Pembaca jangan heran.
Jangan pula baperan.
Baca saja sampai selesai.
Balik lagi ke cerita.
"Kafe ini bagus sekali."
"Apalagi di dalam. Yuk masuk."
"Jangan lama-lama Zian. Kasian mereka nunggu."
"Gak lama kok. Gue janji." Zian segera menyilakan Aira untuk melangkah lebih dulu. Sedang lelaki itu sendiri mengambil posisi satu langkah di belakang Aira. Seakan menegaskan kalau ada hal yang tak diinginkan, Zian akan selalu pasang badan.
Begitu sampai di pintu kafe yang terbuat dari kaca besar, Zian sigap membukakannya untuk Aira. Bahkan lebih cepat dari petugas yang berdiri di dekat pintu itu sendiri.
"Jangan terlalu manis, nanti diabetes."
Aira tersenyum kecil seraya melirik pegawai kafe yang sedikit mengangguk hormat pada mereka.
"Udah sesuai dosis," sahut Zian sambil mengarahkan Aira ke sebuah tempat yang telah mereka pilih sebagai tempat duduk.
Benar apa kata Zian, pada tempat duduk yang mereka tuju, sudah ada seseorang yang sedang menunggu.
Seorang perempuan.
"Maaf sedikit terlambat, kak." Zian berjabat tangan dengan wanita yang berusia sedikit di atas Zian itu. Manis dan ramah, itu kesan pertama yang dapat ditangkap darinya.
"Satu menit lagi, maka kau terlambat sepuluh menit." Wanita itu melihat jam tangannya.
Sebuah jam tangan merk ternama yang melingkar di sana. "Membuang waktuku sepuluh menit, kompensasinya tak sedikit."
"Tenang saja, Kak Na. Akan aku bayar tunai."
"Seharusnya begitu." Wanita berhijab cantik itu mengangguk senang.

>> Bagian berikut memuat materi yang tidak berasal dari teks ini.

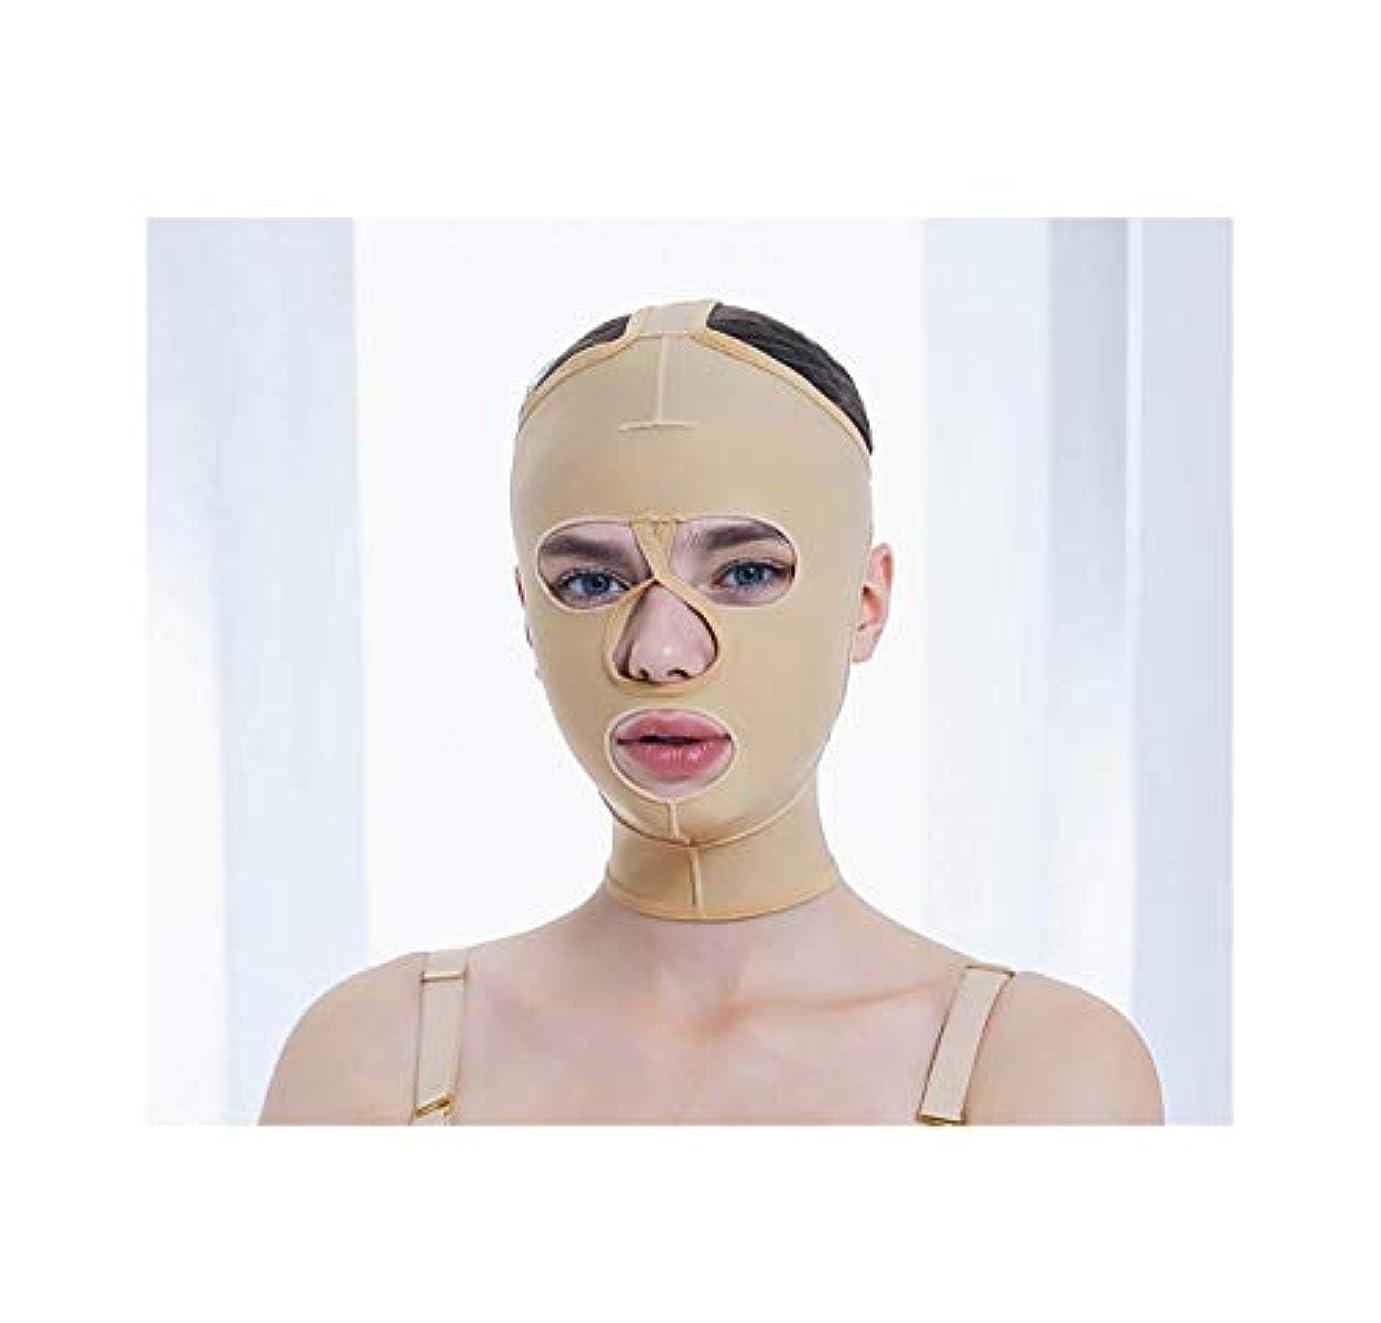 穀物フリンジ生きるフェイスアンドネックリフト、減量フェイスマスク脂肪吸引術脂肪吸引術シェーピングマスクフードフェイスリフティングアーティファクトVフェイスビームフェイス弾性スリーブ(サイズ:S)

Tatapannya lalu berpaling pada Aira yang berdiri diam di samping Zian.
"Ini Azaira Mahrin, pemilik tulisan yang kakak baca kemarin."
"Oh." Wanita itu sesaat tercengang sebelum kemudian tertawa ringan.
"Aku pikir kamu sudah lupa dengan agenda pertemuan kita kali ini Zian. Dan malah mau memperkenalkan calon istri padaku," ucapnya, terkesan begitu akrab.